→ Recorded data:
========================
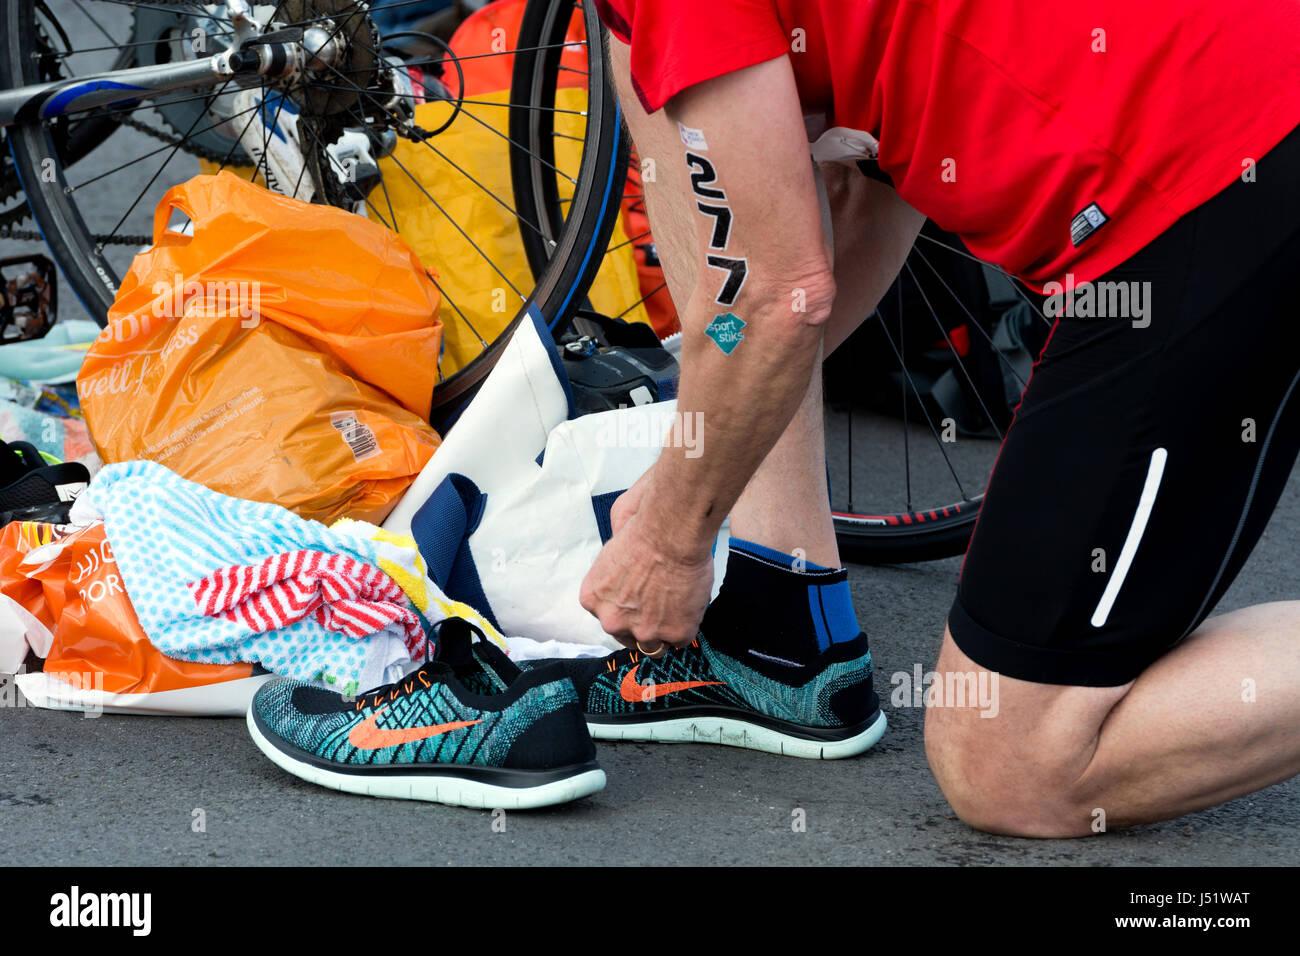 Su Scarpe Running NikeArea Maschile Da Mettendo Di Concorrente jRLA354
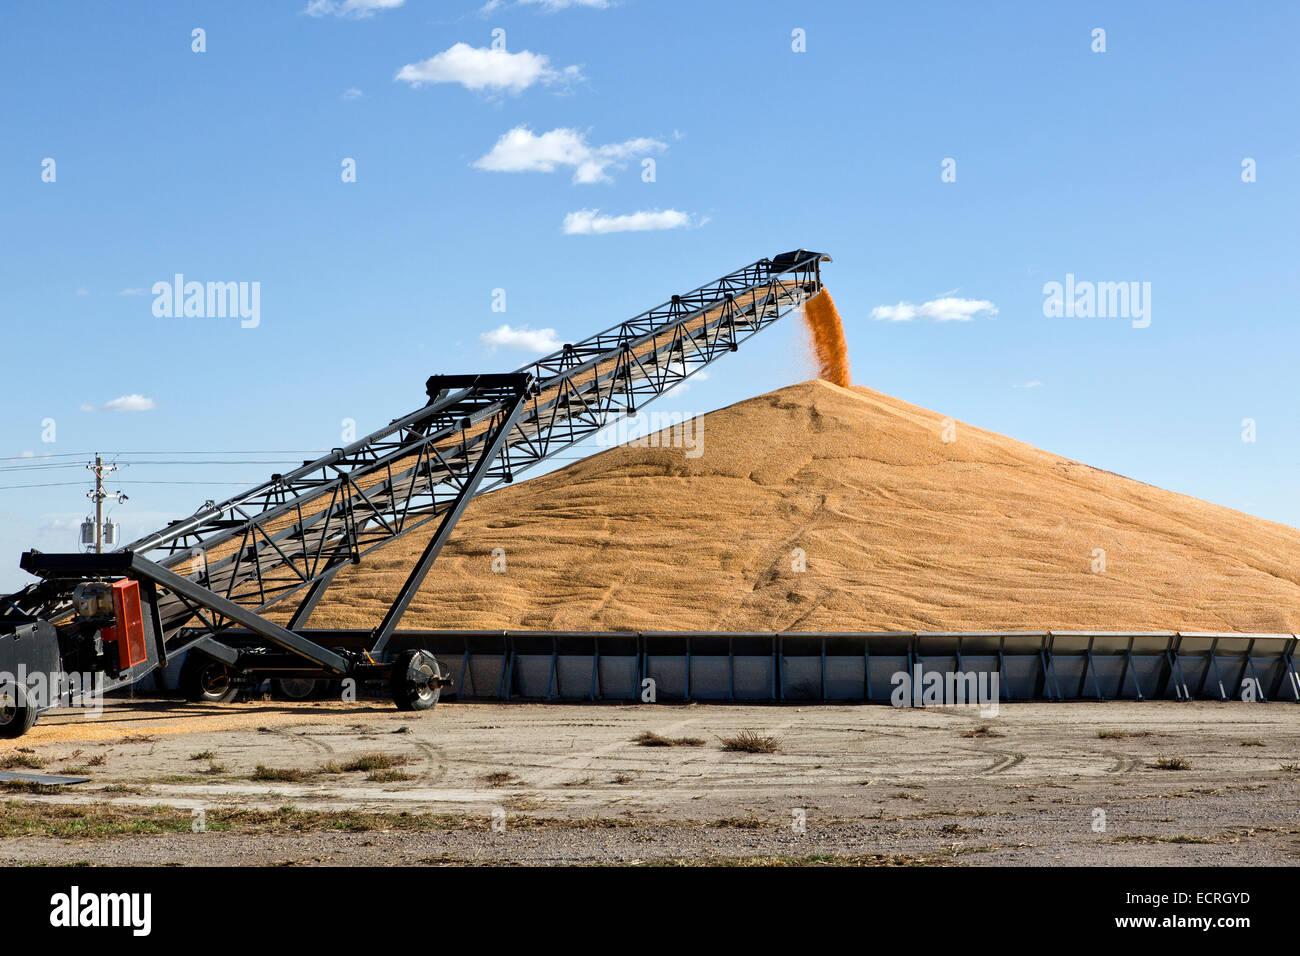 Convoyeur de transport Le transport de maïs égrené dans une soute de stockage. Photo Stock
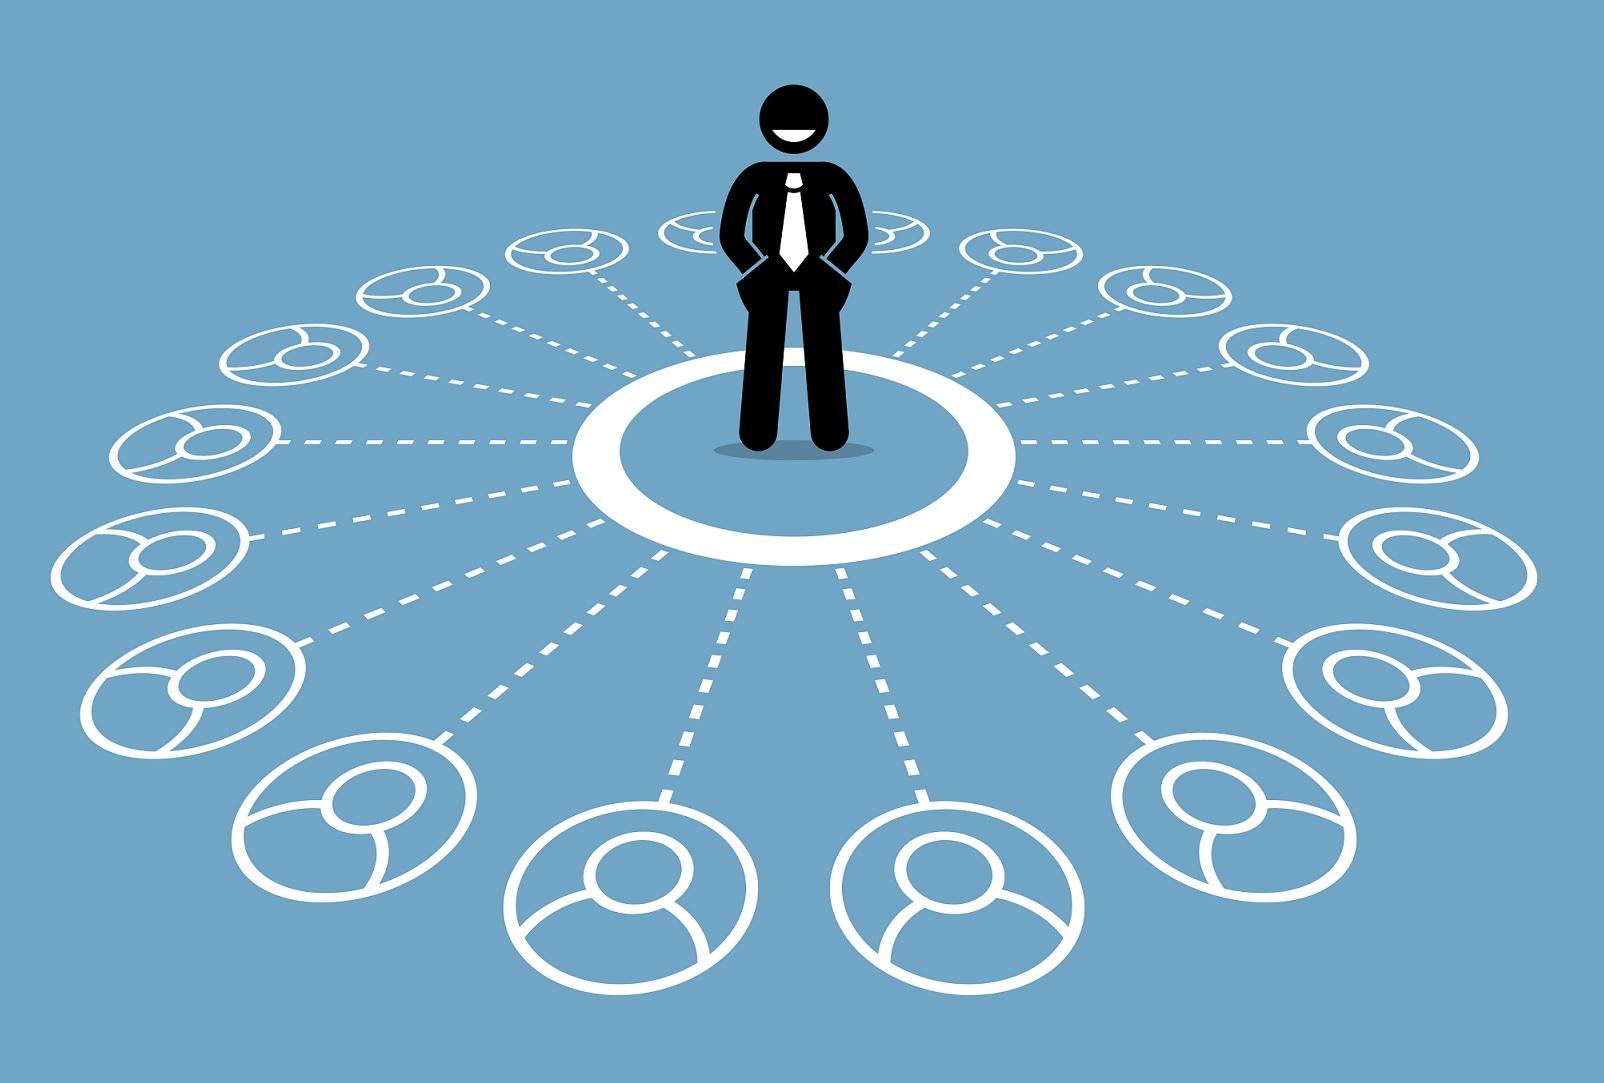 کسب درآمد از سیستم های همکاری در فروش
========================
Write out exactly the lines from the line containing "Convoyeur de transport" through the last line of the listing above, please, and leave out any pictures.

 Convoyeur de transport Le transport de maïs égrené dans une soute de stockage. Photo Stock
 کسب درآمد از سیستم های همکاری در فروش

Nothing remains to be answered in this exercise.